Perpetua Siyachitema

Personal information
- Born: 15 May 1983 (age 43) Chitungwiza, Zimbabwe
- Occupation: netball player
- Height: 1.63 m (5 ft 4 in)

Netball career
- Playing positions: centre, wing attacker WA

= Perpetua Siyachitema =

Zimbabwean netball player (born 1983)

Perpetua Siyachitema (born 15 May 1983) is a former Zimbabwean veteran netball player and captain of the Zimbabwe national team. She had played for Zimbabwe in international arena for 15 years and announced her retirement post the 2019 Netball World Cup. On 25 July 2019, she announced her retirement from international netball at the age of 36 to pursue her coaching career. She is known for her efforts to help Zimbabwe qualify at the Netball World Cup for the first time in 2019.

== Career ==
Perpetua started playing the sport of netball from sixteen years of age and made her international debut for Zimbabwe at the age of 19. She had been a regular permanent member of the Zimbabwean team for nearly fifteen years since her debut and led the side since 2011.

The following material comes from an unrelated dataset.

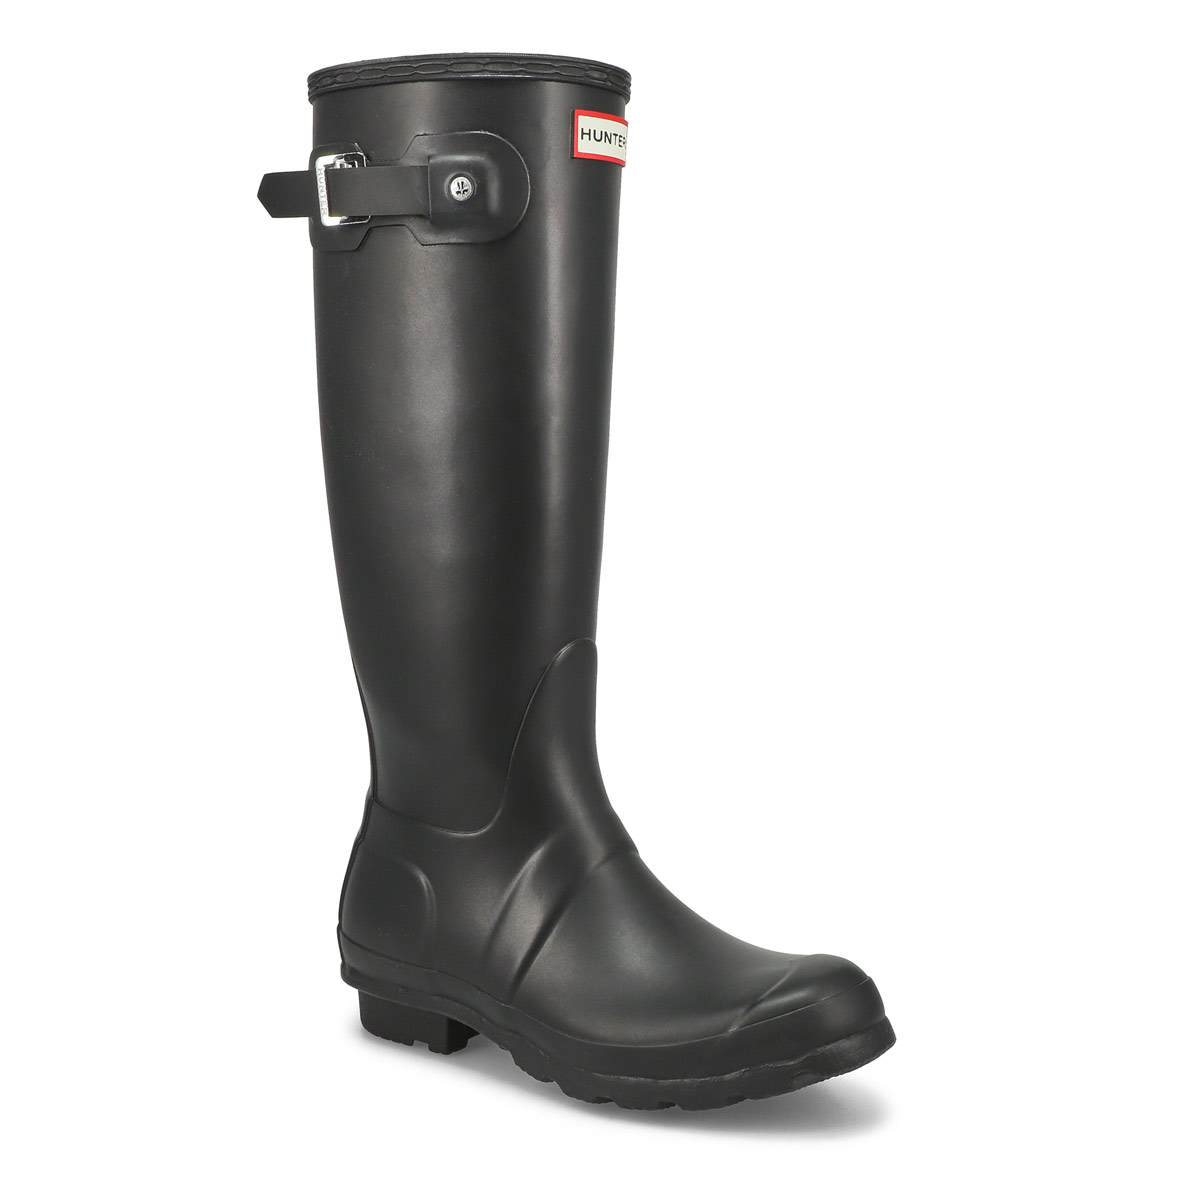 black and grey rain boots

Under her captaincy, Zimbabwe qualified to participate at the 2019 Netball World Cup along with fellow African team Uganda. This was the first occasion where Zimbabwe secured a spot at a Netball World Cup tournament. At the 2019 Netball World Cup, Zimbabwe started its tournament on a winning note defeating Sri Lanka and finished the tournament on eighth position. Following the remarkable feat, Perpetua bid farewell to her netball career after playing nearly for 20 years.